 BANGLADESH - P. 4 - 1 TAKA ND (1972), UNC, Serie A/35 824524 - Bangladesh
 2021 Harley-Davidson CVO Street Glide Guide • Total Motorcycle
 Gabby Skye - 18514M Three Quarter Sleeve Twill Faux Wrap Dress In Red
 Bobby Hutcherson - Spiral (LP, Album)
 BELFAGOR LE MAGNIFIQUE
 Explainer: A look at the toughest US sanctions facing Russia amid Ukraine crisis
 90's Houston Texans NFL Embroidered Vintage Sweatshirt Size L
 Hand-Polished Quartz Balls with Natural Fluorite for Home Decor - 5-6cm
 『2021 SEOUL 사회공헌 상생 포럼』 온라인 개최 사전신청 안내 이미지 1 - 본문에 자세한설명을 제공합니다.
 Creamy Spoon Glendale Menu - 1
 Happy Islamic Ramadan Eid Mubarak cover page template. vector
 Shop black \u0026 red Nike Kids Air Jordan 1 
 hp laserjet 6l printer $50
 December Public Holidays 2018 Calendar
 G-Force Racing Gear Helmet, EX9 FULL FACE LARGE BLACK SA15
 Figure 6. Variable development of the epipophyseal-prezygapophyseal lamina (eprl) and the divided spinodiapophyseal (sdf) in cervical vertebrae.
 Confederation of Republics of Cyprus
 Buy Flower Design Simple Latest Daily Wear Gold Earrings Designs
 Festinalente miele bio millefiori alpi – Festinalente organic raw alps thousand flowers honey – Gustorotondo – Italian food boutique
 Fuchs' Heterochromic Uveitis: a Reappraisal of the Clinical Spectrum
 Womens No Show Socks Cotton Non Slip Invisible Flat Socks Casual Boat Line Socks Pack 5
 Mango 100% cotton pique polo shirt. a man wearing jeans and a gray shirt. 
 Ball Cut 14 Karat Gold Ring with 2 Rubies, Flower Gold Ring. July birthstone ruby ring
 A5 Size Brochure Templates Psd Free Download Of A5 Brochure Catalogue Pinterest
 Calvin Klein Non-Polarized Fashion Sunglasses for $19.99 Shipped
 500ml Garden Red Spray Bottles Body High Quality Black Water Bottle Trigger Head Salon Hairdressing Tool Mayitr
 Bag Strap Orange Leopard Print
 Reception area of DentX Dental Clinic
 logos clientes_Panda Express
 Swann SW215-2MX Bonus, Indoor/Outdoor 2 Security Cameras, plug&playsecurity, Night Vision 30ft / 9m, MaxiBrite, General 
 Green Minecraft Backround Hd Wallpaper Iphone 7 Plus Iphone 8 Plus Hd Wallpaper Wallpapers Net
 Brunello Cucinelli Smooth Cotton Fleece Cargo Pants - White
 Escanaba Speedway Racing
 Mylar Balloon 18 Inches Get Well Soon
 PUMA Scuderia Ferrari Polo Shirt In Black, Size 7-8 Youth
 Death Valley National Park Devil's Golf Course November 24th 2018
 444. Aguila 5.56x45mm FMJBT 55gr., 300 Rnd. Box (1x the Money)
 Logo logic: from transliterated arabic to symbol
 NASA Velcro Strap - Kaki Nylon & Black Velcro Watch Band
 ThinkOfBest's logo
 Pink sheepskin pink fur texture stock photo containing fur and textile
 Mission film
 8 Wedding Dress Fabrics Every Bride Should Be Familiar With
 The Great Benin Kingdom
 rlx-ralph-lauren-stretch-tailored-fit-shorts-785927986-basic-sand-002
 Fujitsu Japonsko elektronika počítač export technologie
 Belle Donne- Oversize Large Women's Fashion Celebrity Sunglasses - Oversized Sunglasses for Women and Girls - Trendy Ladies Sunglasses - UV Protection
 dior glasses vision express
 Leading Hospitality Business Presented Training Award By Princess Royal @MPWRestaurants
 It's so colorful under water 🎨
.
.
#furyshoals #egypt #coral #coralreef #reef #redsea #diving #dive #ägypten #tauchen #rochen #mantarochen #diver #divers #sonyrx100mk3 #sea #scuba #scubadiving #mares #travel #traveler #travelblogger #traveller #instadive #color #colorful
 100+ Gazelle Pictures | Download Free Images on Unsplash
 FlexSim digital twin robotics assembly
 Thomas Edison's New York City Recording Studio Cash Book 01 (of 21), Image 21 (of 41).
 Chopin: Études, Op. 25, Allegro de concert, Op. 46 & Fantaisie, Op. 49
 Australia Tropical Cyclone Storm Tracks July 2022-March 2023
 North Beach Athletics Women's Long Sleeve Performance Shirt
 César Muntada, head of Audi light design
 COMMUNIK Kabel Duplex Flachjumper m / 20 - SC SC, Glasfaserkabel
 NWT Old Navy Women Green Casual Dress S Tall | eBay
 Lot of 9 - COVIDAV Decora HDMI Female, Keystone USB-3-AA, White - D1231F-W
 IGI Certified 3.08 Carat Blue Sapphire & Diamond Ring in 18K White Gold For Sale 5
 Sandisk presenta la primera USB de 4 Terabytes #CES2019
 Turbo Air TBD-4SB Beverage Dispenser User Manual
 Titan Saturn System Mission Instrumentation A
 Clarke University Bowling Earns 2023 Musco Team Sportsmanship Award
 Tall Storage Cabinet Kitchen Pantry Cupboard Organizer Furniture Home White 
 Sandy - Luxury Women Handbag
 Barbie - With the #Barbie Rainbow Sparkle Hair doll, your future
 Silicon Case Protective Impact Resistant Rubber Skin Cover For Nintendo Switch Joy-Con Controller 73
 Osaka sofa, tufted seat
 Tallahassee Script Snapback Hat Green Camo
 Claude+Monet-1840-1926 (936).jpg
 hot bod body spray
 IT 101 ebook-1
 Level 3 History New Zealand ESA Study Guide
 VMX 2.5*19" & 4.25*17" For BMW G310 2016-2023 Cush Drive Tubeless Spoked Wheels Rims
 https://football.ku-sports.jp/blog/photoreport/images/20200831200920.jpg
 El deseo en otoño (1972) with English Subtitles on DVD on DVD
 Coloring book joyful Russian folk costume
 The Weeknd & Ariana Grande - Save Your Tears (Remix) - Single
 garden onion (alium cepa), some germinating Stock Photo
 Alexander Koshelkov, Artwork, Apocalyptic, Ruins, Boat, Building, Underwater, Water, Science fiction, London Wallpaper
+++
_Task to carry out_
What you return must match the records exactly, line for line.

_Reply to the exercise_
 BANGLADESH - P. 4 - 1 TAKA ND (1972), UNC, Serie A/35 824524 - Bangladesh
 2021 Harley-Davidson CVO Street Glide Guide • Total Motorcycle
 Gabby Skye - 18514M Three Quarter Sleeve Twill Faux Wrap Dress In Red
 Bobby Hutcherson - Spiral (LP, Album)
 BELFAGOR LE MAGNIFIQUE
 Explainer: A look at the toughest US sanctions facing Russia amid Ukraine crisis
 90's Houston Texans NFL Embroidered Vintage Sweatshirt Size L
 Hand-Polished Quartz Balls with Natural Fluorite for Home Decor - 5-6cm
 『2021 SEOUL 사회공헌 상생 포럼』 온라인 개최 사전신청 안내 이미지 1 - 본문에 자세한설명을 제공합니다.
 Creamy Spoon Glendale Menu - 1
 Happy Islamic Ramadan Eid Mubarak cover page template. vector
 Shop black \u0026 red Nike Kids Air Jordan 1 
 hp laserjet 6l printer $50
 December Public Holidays 2018 Calendar
 G-Force Racing Gear Helmet, EX9 FULL FACE LARGE BLACK SA15
 Figure 6. Variable development of the epipophyseal-prezygapophyseal lamina (eprl) and the divided spinodiapophyseal (sdf) in cervical vertebrae.
 Confederation of Republics of Cyprus
 Buy Flower Design Simple Latest Daily Wear Gold Earrings Designs
 Festinalente miele bio millefiori alpi – Festinalente organic raw alps thousand flowers honey – Gustorotondo – Italian food boutique
 Fuchs' Heterochromic Uveitis: a Reappraisal of the Clinical Spectrum
 Womens No Show Socks Cotton Non Slip Invisible Flat Socks Casual Boat Line Socks Pack 5
 Mango 100% cotton pique polo shirt. a man wearing jeans and a gray shirt. 
 Ball Cut 14 Karat Gold Ring with 2 Rubies, Flower Gold Ring. July birthstone ruby ring
 A5 Size Brochure Templates Psd Free Download Of A5 Brochure Catalogue Pinterest
 Calvin Klein Non-Polarized Fashion Sunglasses for $19.99 Shipped
 500ml Garden Red Spray Bottles Body High Quality Black Water Bottle Trigger Head Salon Hairdressing Tool Mayitr
 Bag Strap Orange Leopard Print
 Reception area of DentX Dental Clinic
 logos clientes_Panda Express
 Swann SW215-2MX Bonus, Indoor/Outdoor 2 Security Cameras, plug&playsecurity, Night Vision 30ft / 9m, MaxiBrite, General 
 Green Minecraft Backround Hd Wallpaper Iphone 7 Plus Iphone 8 Plus Hd Wallpaper Wallpapers Net
 Brunello Cucinelli Smooth Cotton Fleece Cargo Pants - White
 Escanaba Speedway Racing
 Mylar Balloon 18 Inches Get Well Soon
 PUMA Scuderia Ferrari Polo Shirt In Black, Size 7-8 Youth
 Death Valley National Park Devil's Golf Course November 24th 2018
 444. Aguila 5.56x45mm FMJBT 55gr., 300 Rnd. Box (1x the Money)
 Logo logic: from transliterated arabic to symbol
 NASA Velcro Strap - Kaki Nylon & Black Velcro Watch Band
 ThinkOfBest's logo
 Pink sheepskin pink fur texture stock photo containing fur and textile
 Mission film
 8 Wedding Dress Fabrics Every Bride Should Be Familiar With
 The Great Benin Kingdom
 rlx-ralph-lauren-stretch-tailored-fit-shorts-785927986-basic-sand-002
 Fujitsu Japonsko elektronika počítač export technologie
 Belle Donne- Oversize Large Women's Fashion Celebrity Sunglasses - Oversized Sunglasses for Women and Girls - Trendy Ladies Sunglasses - UV Protection
 dior glasses vision express
 Leading Hospitality Business Presented Training Award By Princess Royal @MPWRestaurants
 It's so colorful under water 🎨
.
.
#furyshoals #egypt #coral #coralreef #reef #redsea #diving #dive #ägypten #tauchen #rochen #mantarochen #diver #divers #sonyrx100mk3 #sea #scuba #scubadiving #mares #travel #traveler #travelblogger #traveller #instadive #color #colorful
 100+ Gazelle Pictures | Download Free Images on Unsplash
 FlexSim digital twin robotics assembly
 Thomas Edison's New York City Recording Studio Cash Book 01 (of 21), Image 21 (of 41).
 Chopin: Études, Op. 25, Allegro de concert, Op. 46 & Fantaisie, Op. 49
 Australia Tropical Cyclone Storm Tracks July 2022-March 2023
 North Beach Athletics Women's Long Sleeve Performance Shirt
 César Muntada, head of Audi light design
 COMMUNIK Kabel Duplex Flachjumper m / 20 - SC SC, Glasfaserkabel
 NWT Old Navy Women Green Casual Dress S Tall | eBay
 Lot of 9 - COVIDAV Decora HDMI Female, Keystone USB-3-AA, White - D1231F-W
 IGI Certified 3.08 Carat Blue Sapphire & Diamond Ring in 18K White Gold For Sale 5
 Sandisk presenta la primera USB de 4 Terabytes #CES2019
 Turbo Air TBD-4SB Beverage Dispenser User Manual
 Titan Saturn System Mission Instrumentation A
 Clarke University Bowling Earns 2023 Musco Team Sportsmanship Award
 Tall Storage Cabinet Kitchen Pantry Cupboard Organizer Furniture Home White 
 Sandy - Luxury Women Handbag
 Barbie - With the #Barbie Rainbow Sparkle Hair doll, your future
 Silicon Case Protective Impact Resistant Rubber Skin Cover For Nintendo Switch Joy-Con Controller 73
 Osaka sofa, tufted seat
 Tallahassee Script Snapback Hat Green Camo
 Claude+Monet-1840-1926 (936).jpg
 hot bod body spray
 IT 101 ebook-1
 Level 3 History New Zealand ESA Study Guide
 VMX 2.5*19" & 4.25*17" For BMW G310 2016-2023 Cush Drive Tubeless Spoked Wheels Rims
 https://football.ku-sports.jp/blog/photoreport/images/20200831200920.jpg
 El deseo en otoño (1972) with English Subtitles on DVD on DVD
 Coloring book joyful Russian folk costume
 The Weeknd & Ariana Grande - Save Your Tears (Remix) - Single
 garden onion (alium cepa), some germinating Stock Photo
 Alexander Koshelkov, Artwork, Apocalyptic, Ruins, Boat, Building, Underwater, Water, Science fiction, London Wallpaper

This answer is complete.